Logs Query Performance
Full-text search approach (V1)
Pharlux V1 uses DataFusion SQL LIKE / ILIKE operators for log body search, scanning over Parquet files directly. This avoids the complexity of maintaining a separate full-text index while covering the majority of small-team use cases.
Performance characteristics
| Daily log volume | 7-day LIKE scan time (2 vCPU) | 7-day LIKE scan time (4 vCPU) | Assessment |
|---|---|---|---|
| < 1 GB/day | < 2 seconds | < 1 second | Excellent |
| 1–5 GB/day | 2–15 seconds | 1–8 seconds | Good |
| 5–10 GB/day | 15–30 seconds | 8–15 seconds | Acceptable |
| 10–20 GB/day | 30–60 seconds | 15–30 seconds | Degraded — consider tantivy index (V1.1) |
| > 20 GB/day | > 60 seconds | > 30 seconds | Not recommended without full-text index |
The recommended threshold for LIKE-based search is 10 GB/day sustained log volume. Above this, 7-day LIKE scans will exceed the 30-second response time target on a typical 2-vCPU VPS.

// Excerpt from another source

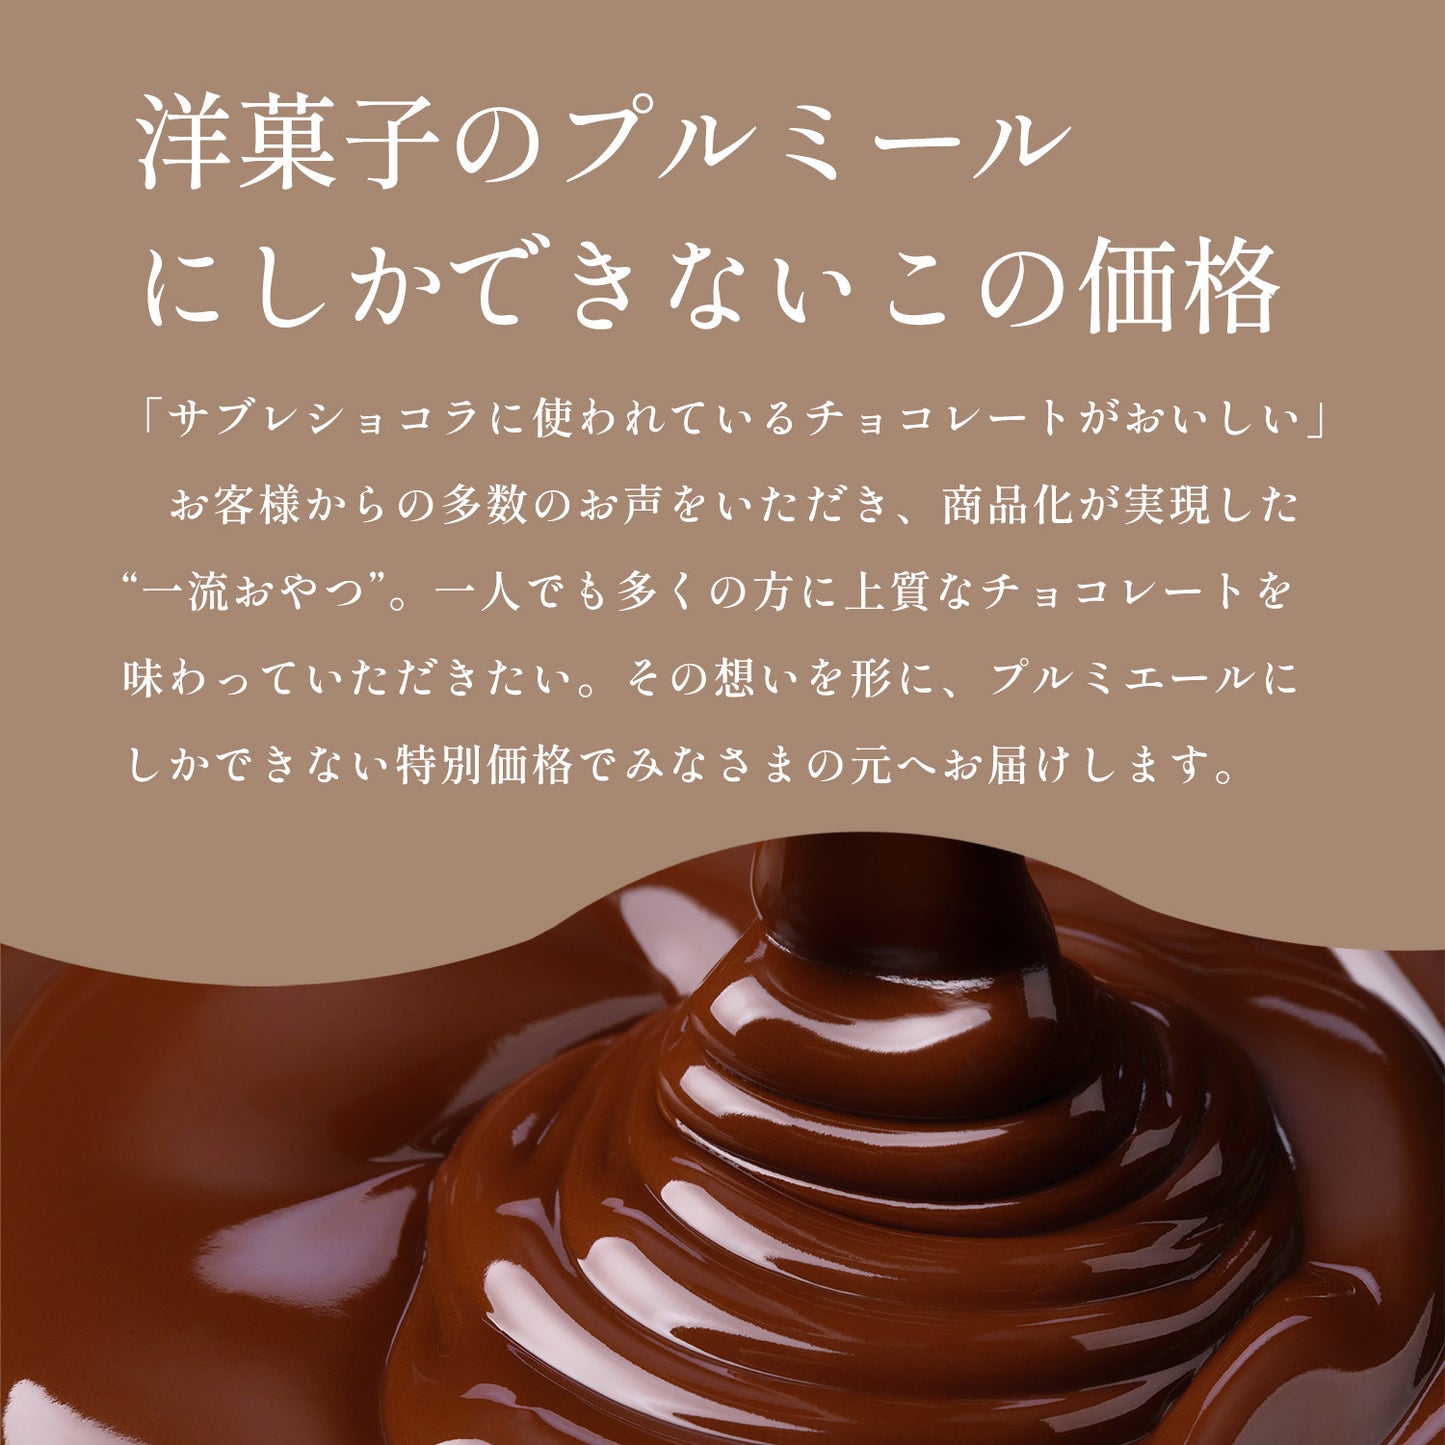 チョコレート 一流おやつチョコレート カカオ66% フランス クーベルチュール プチギフト 食べ切りサイズ バレンタイン ホワイトデー

Why LIKE is sufficient for small teams
- Parquet's columnar layout means
LIKE '%pattern%'only reads thebodycolumn, not the entire row - Zstd compression reduces I/O; dictionary encoding on repeated fields (severity_text, scope_name) further reduces scan volume
- DataFusion's predicate pushdown and partition pruning (by time range) reduce the data scanned
- For the target audience (1–10 services on a single VPS), log volume is typically 0.5–5 GB/day
Query patterns
-- Search log bodies
SELECT timestamp, severity_text, body
FROM logs
WHERE tenant_id = 'default'
AND timestamp > now() - INTERVAL '1 hour'
AND body LIKE '%connection refused%'
ORDER BY timestamp DESC
LIMIT 100;
-- Case-insensitive search
SELECT timestamp, body
FROM logs
WHERE body ILIKE '%error%'
AND timestamp > now() - INTERVAL '24 hours';
-- Cross-signal correlation via trace_id
SELECT l.timestamp, l.body, l.severity_text
FROM logs l
WHERE l.trace_id = X'0102030405060708090a0b0c0d0e0f10'
ORDER BY l.timestamp;
Partition pruning
Pharlux stores logs in hourly partitions (data/logs/{tenant_id}/YYYY/MM/DD/HH/). Queries that include a time range filter (WHERE timestamp > ...) automatically benefit from partition pruning — only relevant hour partitions are scanned.
Always include a time range in log queries to minimize scan volume.
Future: tantivy full-text index (V1.1)
V1.1 will add an optional tantivy inverted index per log partition, enabling sub-second full-text search at any volume. The storage layer is designed so this can be added without schema changes — the index is a sidecar file alongside each Parquet partition.
tantivy is not yet a Pharlux dependency; the V1.1 work will add it through the standard VERSIONS.md review process. See DESIGN.md §"Full-text log search" for the design-in note.